[Recorded data — start]

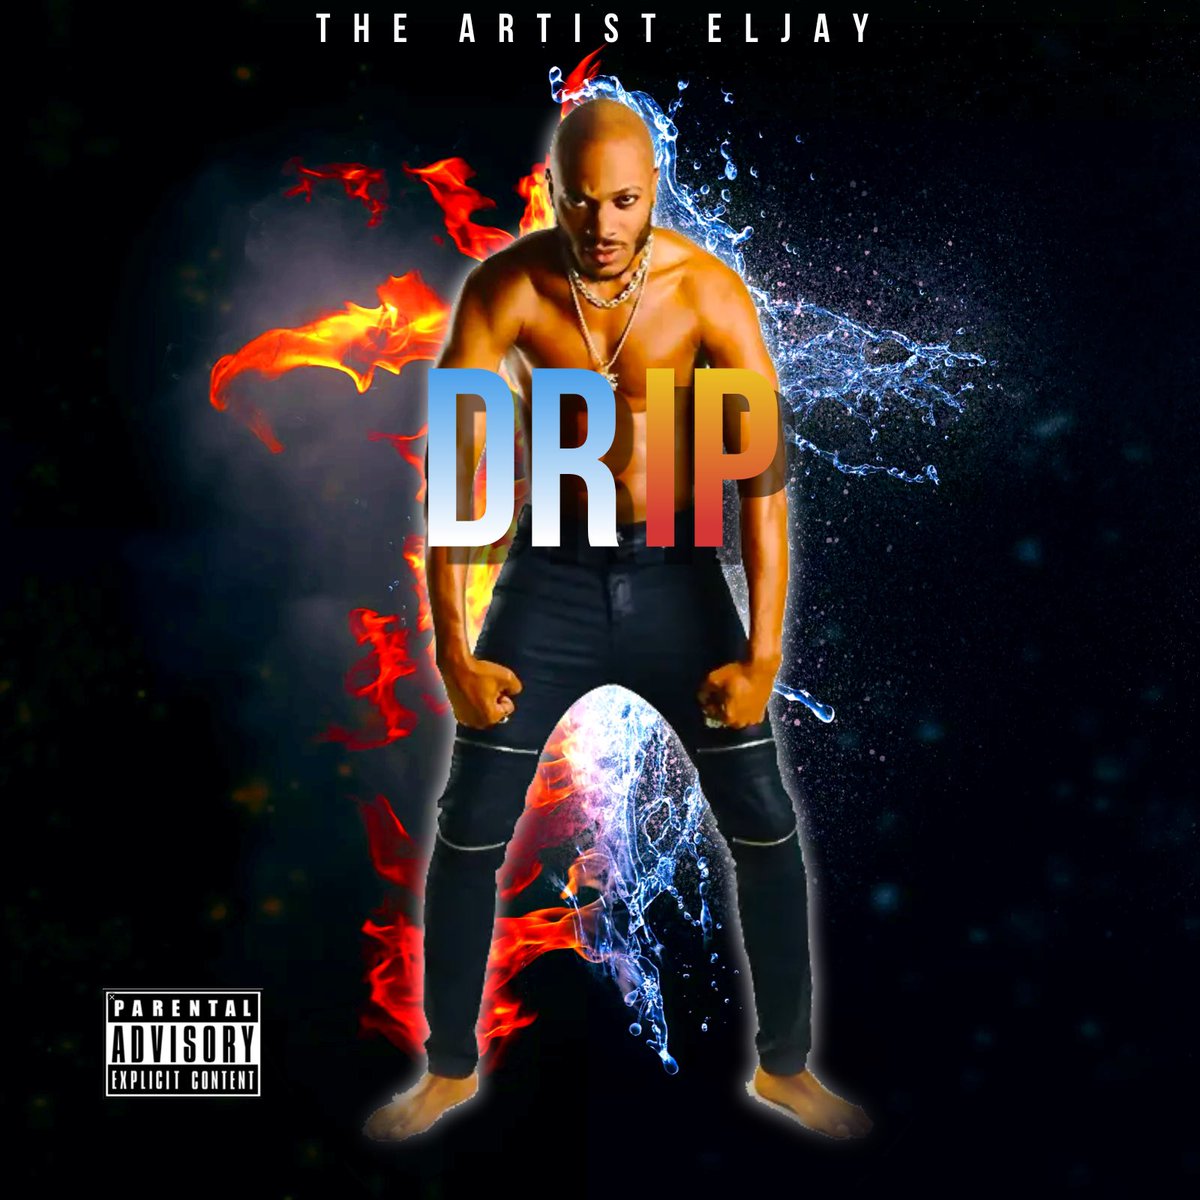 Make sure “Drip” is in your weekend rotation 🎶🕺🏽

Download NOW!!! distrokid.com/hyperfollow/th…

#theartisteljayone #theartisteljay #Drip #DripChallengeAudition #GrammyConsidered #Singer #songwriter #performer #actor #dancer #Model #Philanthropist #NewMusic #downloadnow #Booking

[Recorded data — finish]

◆ What you have to do
No picture belongs in the copy; return the rest of the listing exactly.

◆ Exercise answer
 Make sure “Drip” is in your weekend rotation 🎶🕺🏽

Download NOW!!! distrokid.com/hyperfollow/th…

#theartisteljayone #theartisteljay #Drip #DripChallengeAudition #GrammyConsidered #Singer #songwriter #performer #actor #dancer #Model #Philanthropist #NewMusic #downloadnow #Booking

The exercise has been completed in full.